I’m so fucking tired. Of trying to prove myself. Of molding myself into who others think I should be. I want Lettie, and I want to be a good person, and I hate that I let Jerrod pull me into this ugly game with him.

“Stay the fuck away from me and Colette.” I stagger backwards, the adrenaline from fighting Jerrod starting to wane.

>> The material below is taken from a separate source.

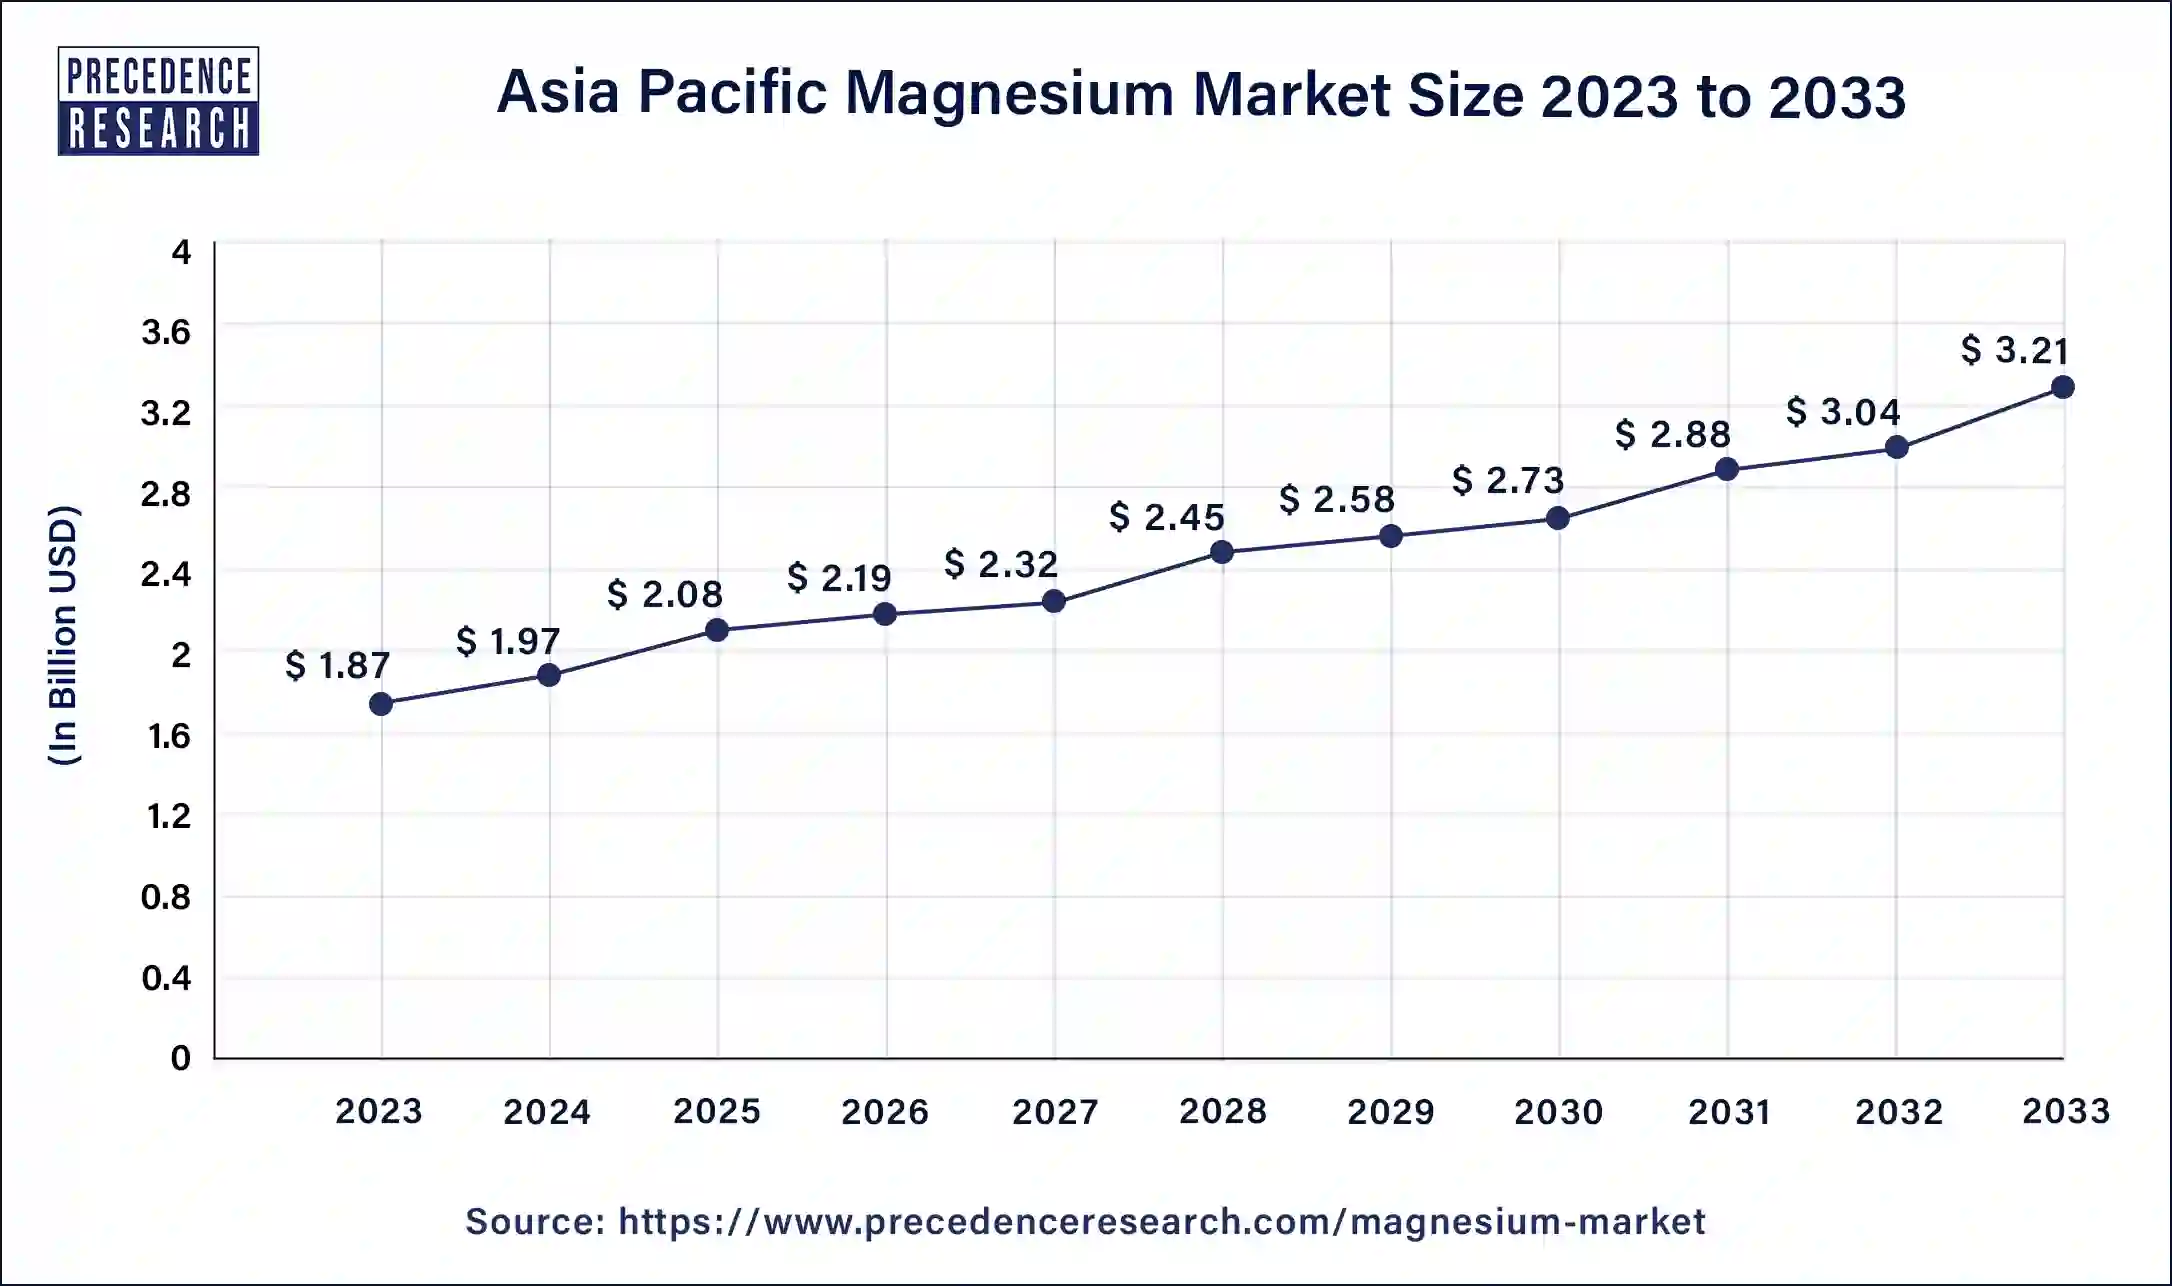 Asia Pacific Magnesium Market Size 2024 to 2033

“Everyone cared more about you,” he calls.

I should ignore him and walk away but I find myself turning back.

“What?”

“Your parents died and everyone was there for you. My family fell apart but I never got the sympathy you did, I couldn’t compete.”

“That’s fucked up. It was never a competition to see who could get more sympathy.”

“It wasn’t only that. Your parents treated me like their own. When my mom went to rehab, and I spent time at Lake George with you, I was jealous of your family. I saw what it was like to have loving, supportive parents.”

“Then I lost them.”

“Yeah, I lost them, too.”

For the first time, Jerrod’s mask falls and I see the hurt and insecurity behind it. I’d never thought of him hurting from my parents’ death. That he’d also lost their guidance and love. And even though he hadn’t lost his parents, they weren’t what mine had been to him.

I stare at him, now bloody and bruised. My anger has dissipated, but I’m still processing what he shared and how I feel about it.

A security guard shows up to escort me off the premises.

“Hannah, tell Lettie I’ll be waiting for her outside.”